* WHAT THE EXERCISE ASKS
Below is a listing with pictures. Repeat exactly the lines starting at the one holding "Background texture of" and going on through the one holding "Lifeguard jumping onto", and leave every picture out.
┌─ EXTRACTED MATERIAL
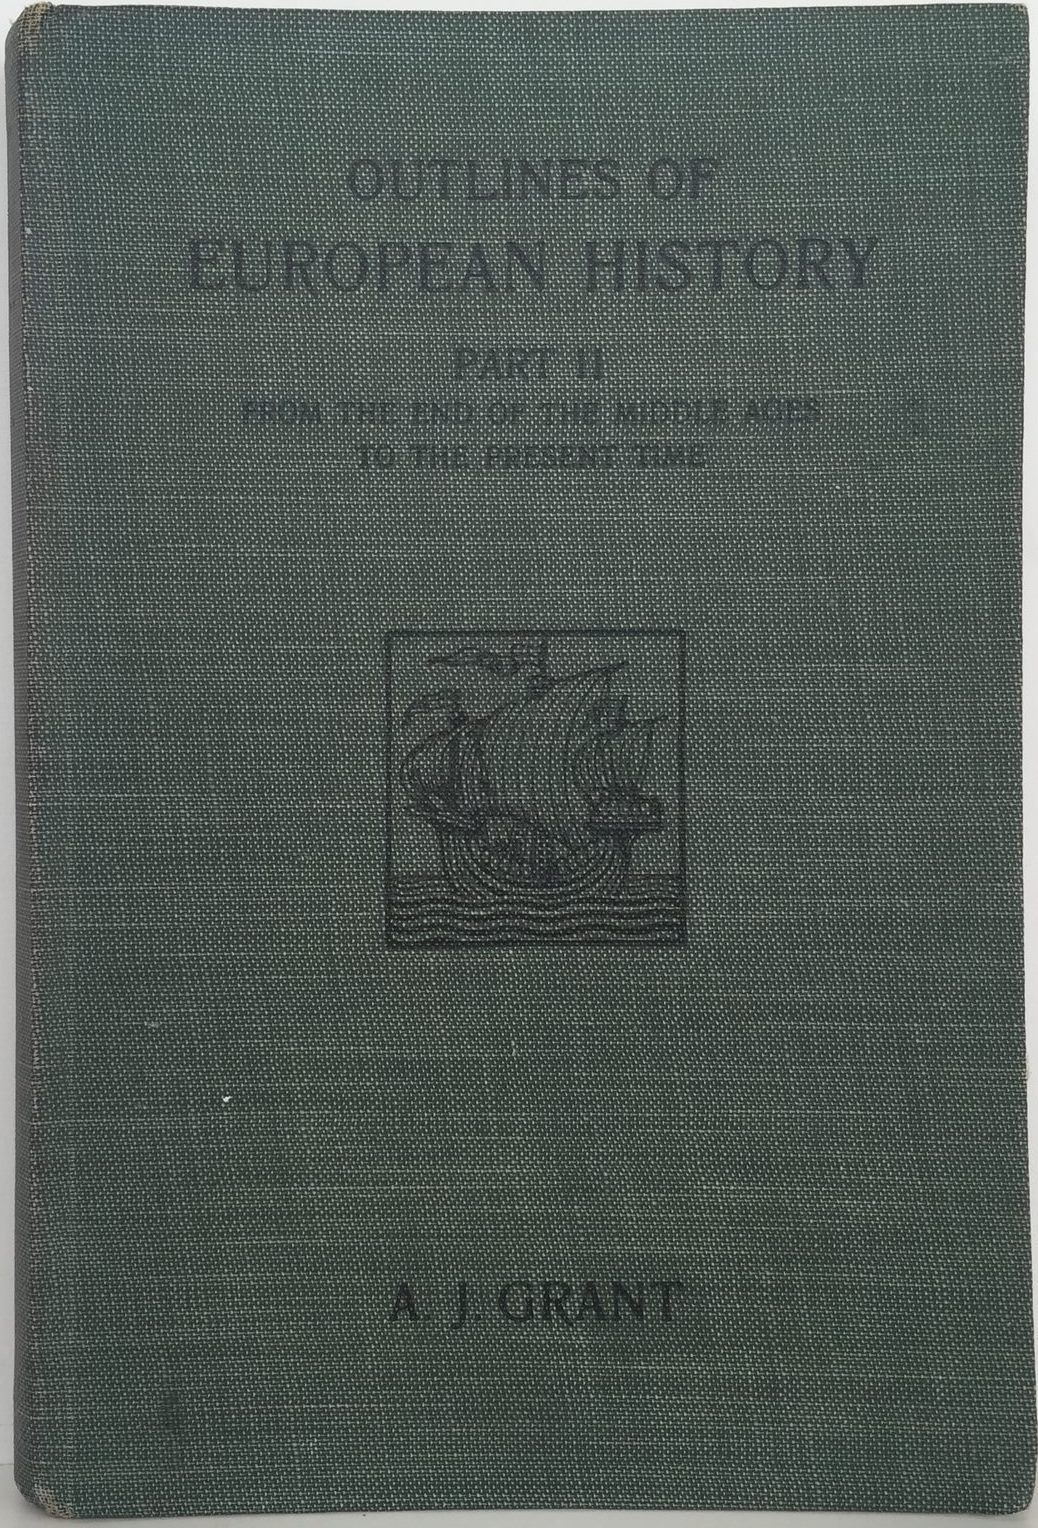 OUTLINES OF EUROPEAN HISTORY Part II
└─
┌─ EXTRACTED MATERIAL
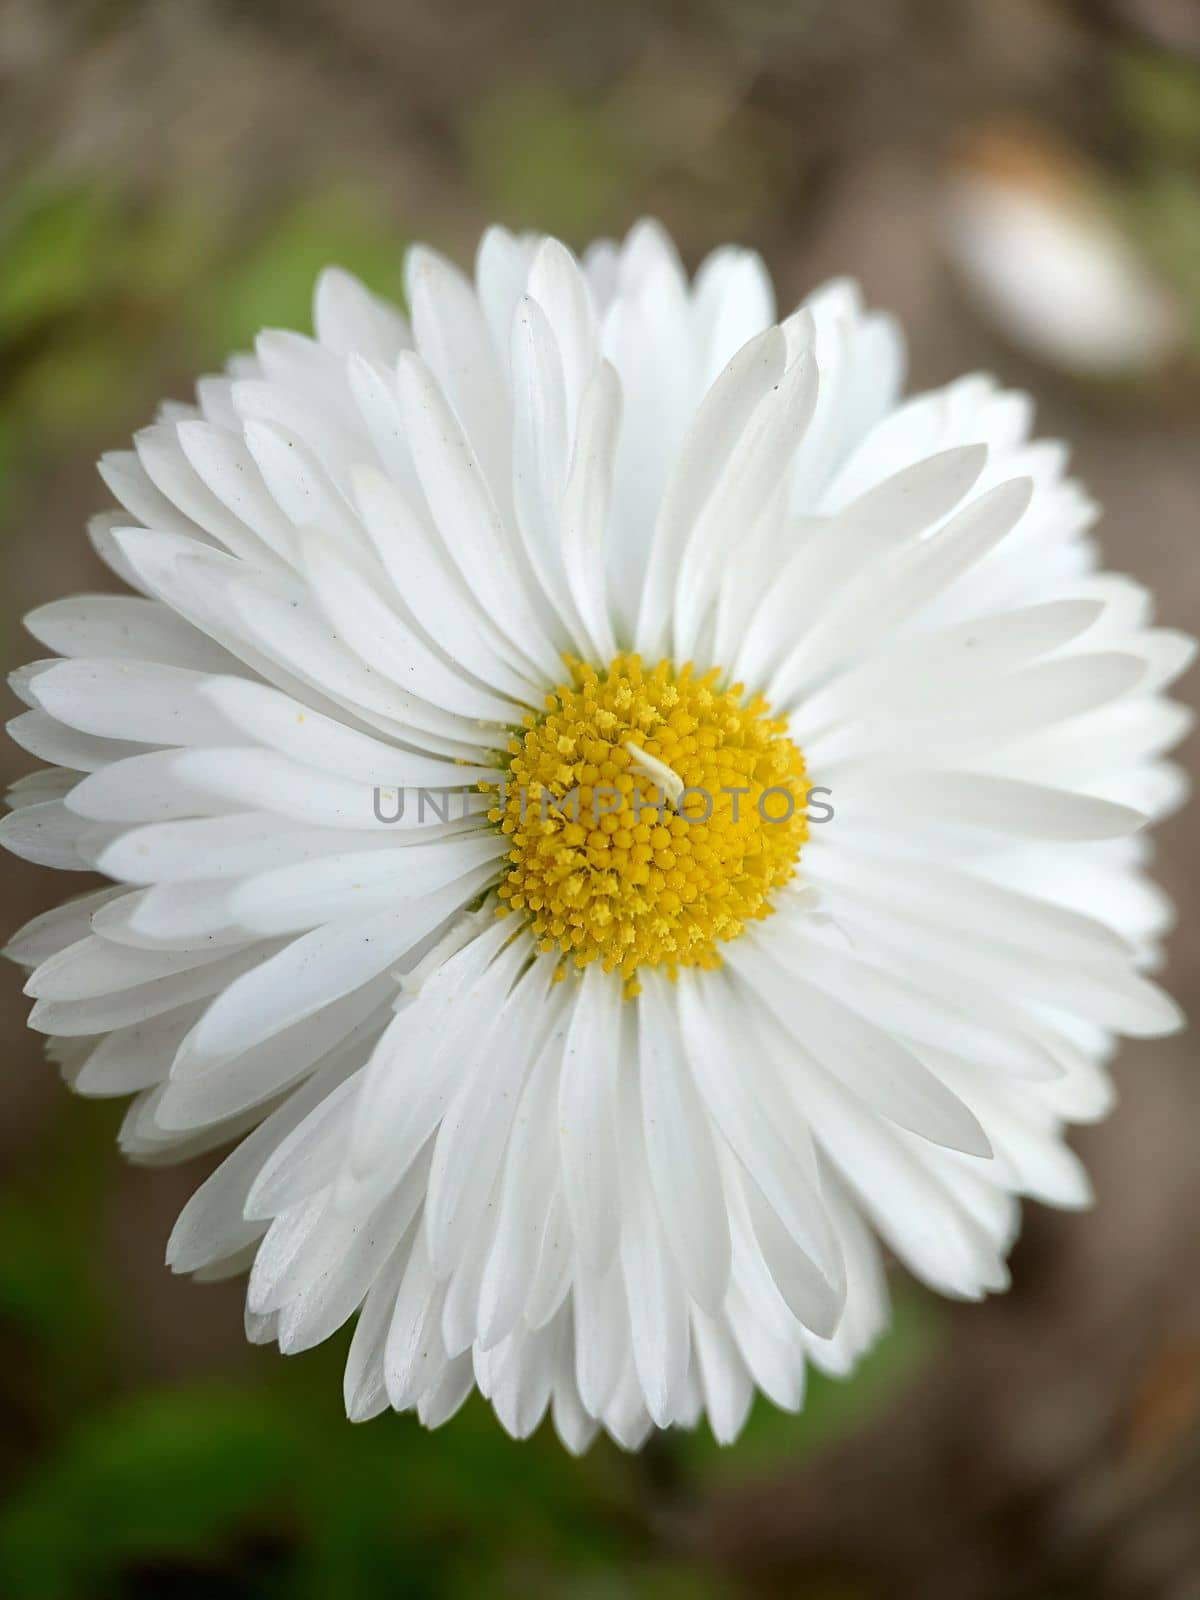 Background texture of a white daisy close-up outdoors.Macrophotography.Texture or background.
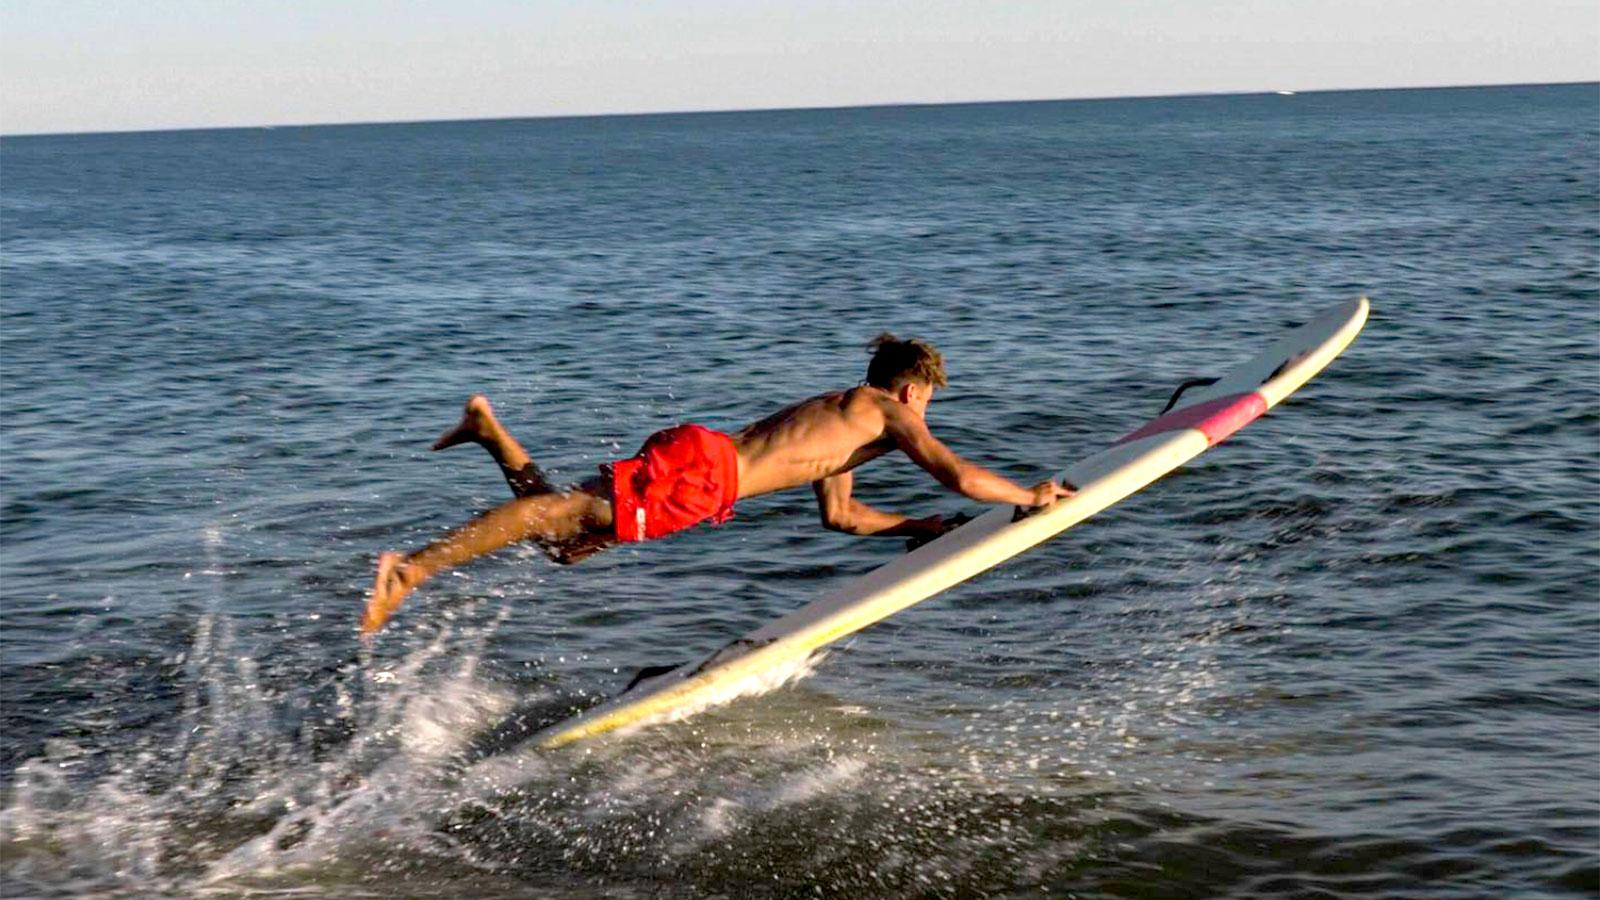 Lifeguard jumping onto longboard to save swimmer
└─
* RESULT FOR THIS EXERCISE
 Background texture of a white daisy close-up outdoors.Macrophotography.Texture or background.
 Lifeguard jumping onto longboard to save swimmer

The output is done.